Retrieve list of values from array which has duplicates

TTTT

New member
Joined
Jul 18, 2018
Messages
25
Reaction score
0
Points
0
Excel Version(s)
365
Hi All
Hope you are well, I've been stuck on this problem for a while now, I've been able to figure out half of it but not the rest. Basically I have a data sheet that lists categories, levels and titles, and I'm trying to get a formula that will populate a grid of results based on the category and level of the job titles. There are duplicates in this data set so I only want to retrieve 1 of the duplicates and all unique values.

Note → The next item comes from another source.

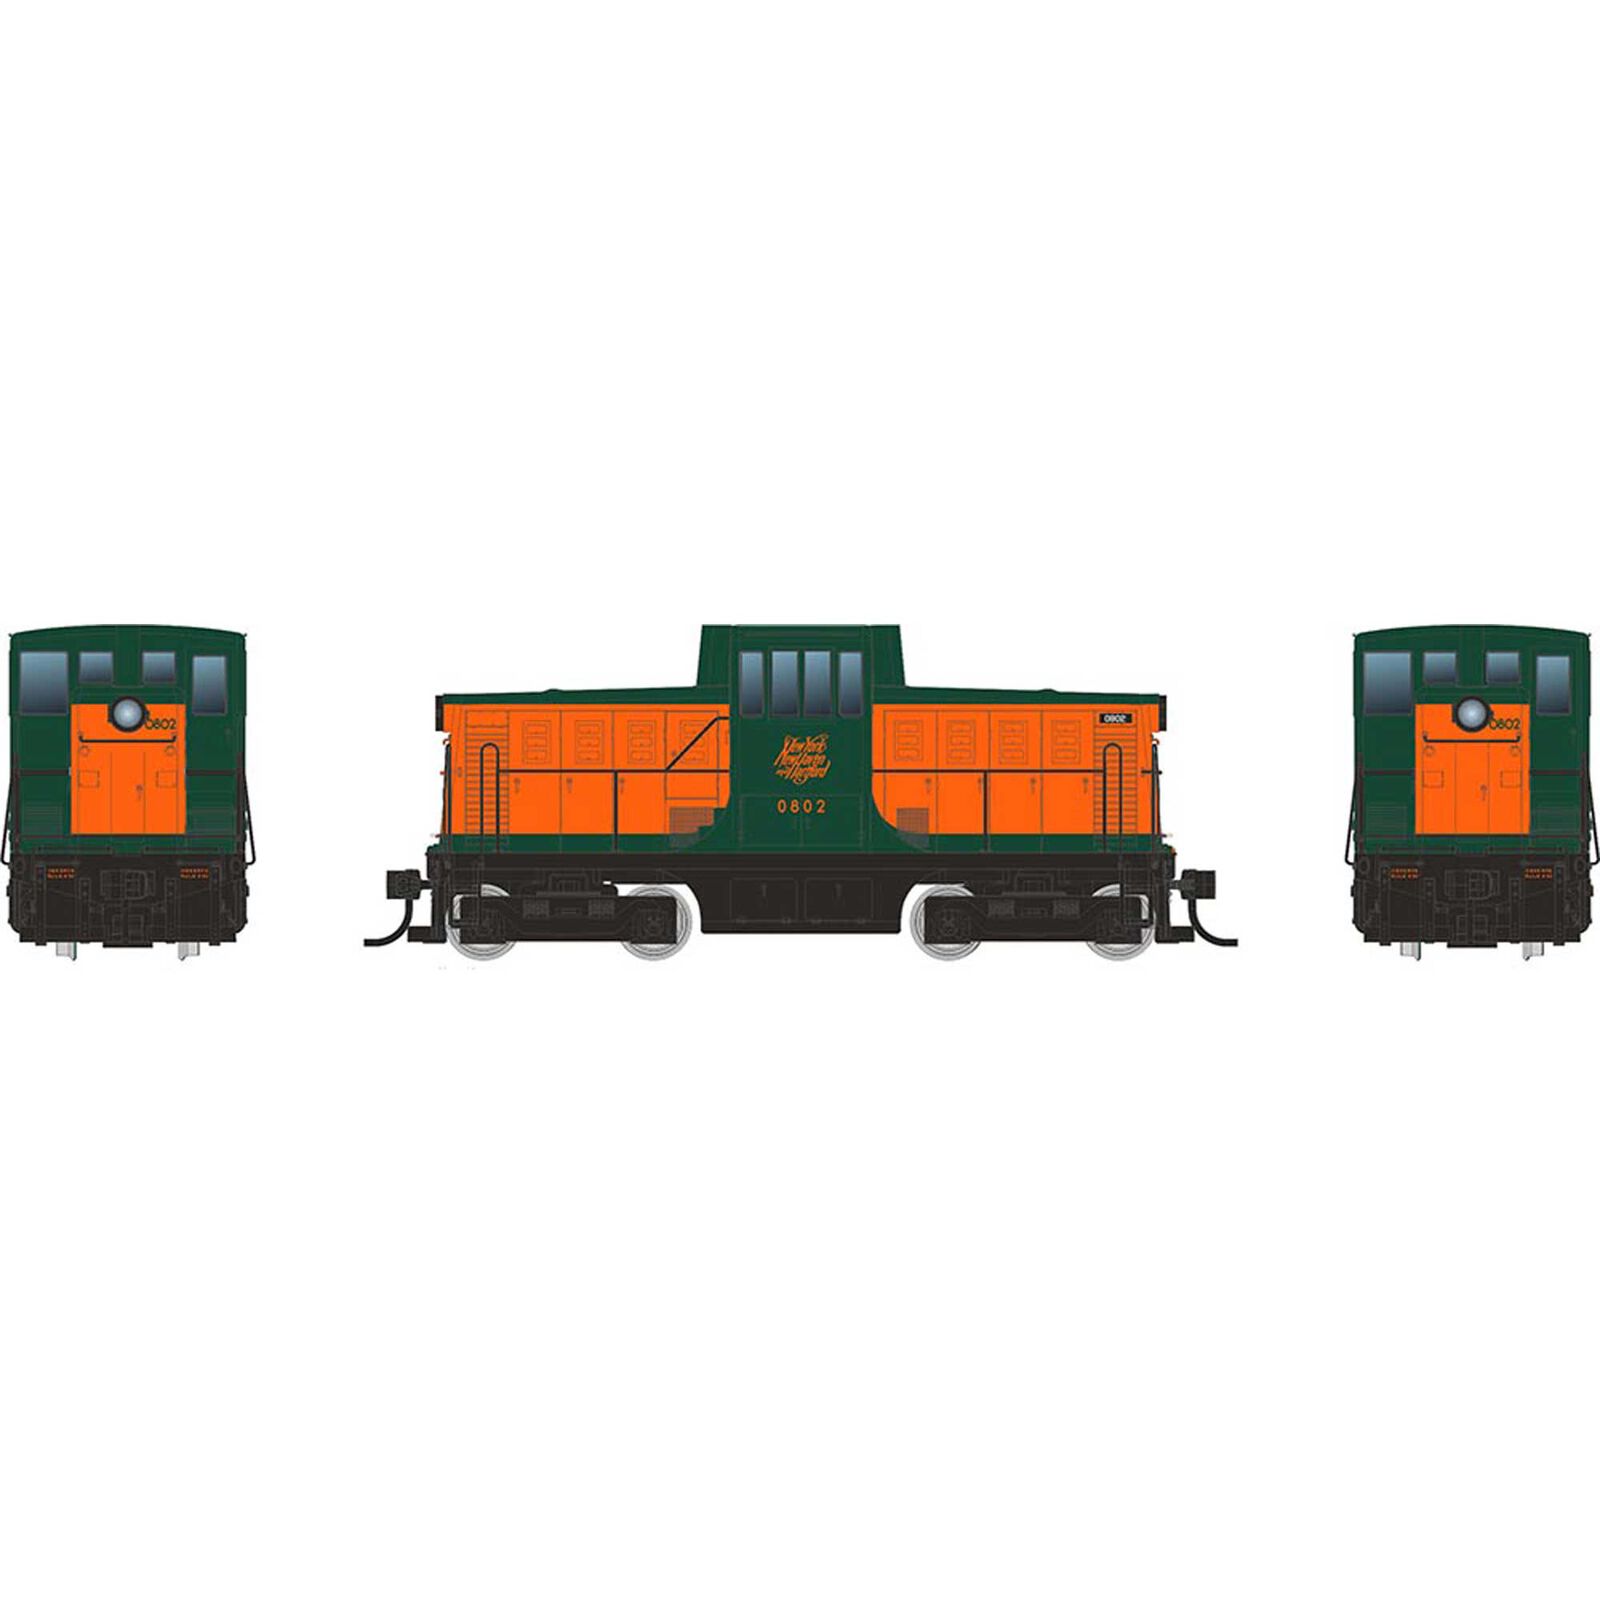 HO GE 44 Tonner Switcher Locomotive with DCC & Sound, NH Warm Orange #0802

Also I'm looking for the formula to stop when there are no more results, and if a new result is added, the formula should pick this up and populate on the grid.

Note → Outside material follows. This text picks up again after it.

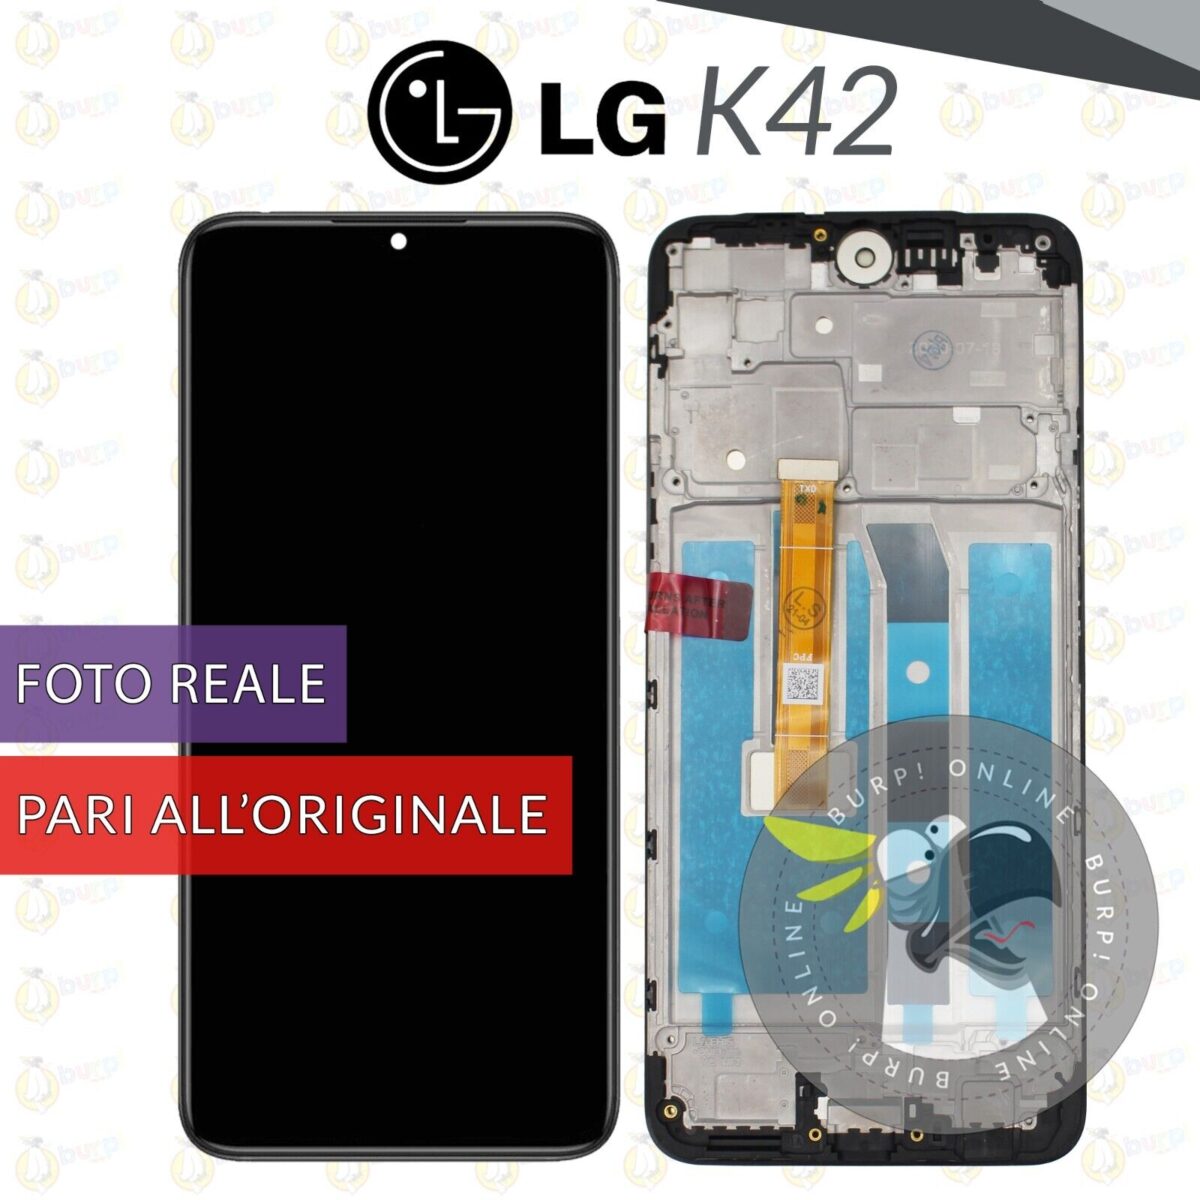 DISPLAY PARI ORIGINALE LG K42 LMK420EMW SCHERMO LCD VETRO TOUCH SCREEN FRAME 234613283386

Lastly something more advance, I'm interested to find out from all the experts out there if its possible to list these results one line after another but in 1 cell? In the Grid tab I've added 2 examples of what the final grid should look like

Below is a sample of my data

View attachment sample.xlsx

Thank you so much in advance for your help and taking the time to look at my query

Regards
TTTT
 
Hope this helps, just works for your sample file not your real workbook
 

Attachments

  • sample (1).xlsx
    11.6 KB · Views: 20
Hi Azumi,
That is pretty cool thank you, I tried replicating your formula in my master and it works well, however it does not produce 1 of the duplicates for some... (I realised I forgot to add some duplicate job titles in the mix in my sample data set), also it does not appear to list them 1 title per line as it has so neatly done in the sample you've worked on. I've had to use wrap text and that does not nearly list?
 
Hi Azumi,

I've attached a revised spreadsheet which include duplicates (in this one you'll see Administration Assistant appear twice under group Administration and Level 2, so in the grid I need to to only appear once

Your help or anyone else's help would be greatly appreciated
 

Attachments

  • sample_2.xlsx
    12 KB · Views: 15
Try adding this helper column to D2 of List sheet (this will help with finding unique entries):

=A2&"_"&COUNTIFS(A$2:A2,A2,B$2:B2,B2,C$2:C2,C2)

copied down

Then change Azumi's ARRAY* formula to:

=SUBSTITUTE(IFERROR(INDEX(List!$C$2:$C$12,SMALL(IF((List!$B$2:$B$12=$A4)*(List!$D$2:$D$12=B$3&"_"&1),ROW(List!$C$2:$C$12)-ROW(List!$C$2)+1),1)),"")&IF(IFERROR(INDEX(List!$C$2:$C$12,SMALL(IF((List!$B$2:$B$12=$A4)*(List!$D$2:$D$12=B$3&"_"&1),ROW(List!$C$2:$C$12)-ROW(List!$C$2)+1),2)),"")="","","| "&IFERROR(INDEX(List!$C$2:$C$12,SMALL(IF((List!$B$2:$B$12=$A4)*(List!$D$2:$D$12=B$3&"_"&1),ROW(List!$C$2:$C$12)-ROW(List!$C$2)+1),2)),""))&IF(IFERROR(INDEX(List!$C$2:$C$12,SMALL(IF((List!$B$2:$B$12=$A4)*(List!$D$2:$D$12=B$3&"_"&1),ROW(List!$C$2:$C$12)-ROW(List!$C$2)+1),3)),"")="","","| "&IFERROR(INDEX(List!$C$2:$C$12,SMALL(IF((List!$B$2:$B$12=$A4)*(List!$D$2:$D$12=B$3&"_"&1),ROW(List!$C$2:$C$12)-ROW(List!$C$2)+1),3)),""))&IF(IFERROR(INDEX(List!$C$2:$C$12,SMALL(IF((List!$B$2:$B$12=$A4)*(List!$D$2:$D$12=B$3&"_"&1),ROW(List!$C$2:$C$12)-ROW(List!$C$2)+1),4)),"")="","","| "&IFERROR(INDEX(List!$C$2:$C$12,SMALL(IF((List!$B$2:$B$12=$A4)*(List!$D$2:$D$12=B$3&"_"&1),ROW(List!$C$2:$C$12)-ROW(List!$C$2)+1),4)),""))&IF(IFERROR(INDEX(List!$C$2:$C$12,SMALL(IF((List!$B$2:$B$12=$A4)*(List!$D$2:$D$12=B$3&"_"&1),ROW(List!$C$2:$C$12)-ROW(List!$C$2)+1),5)),"")="","","| "&IFERROR(INDEX(List!$C$2:$C$12,SMALL(IF((List!$B$2:$B$12=$A4)*(List!$D$2:$D$12=B$3&"_"&1),ROW(List!$C$2:$C$12)-ROW(List!$C$2)+1),5)),"")),"| ",CHAR(10))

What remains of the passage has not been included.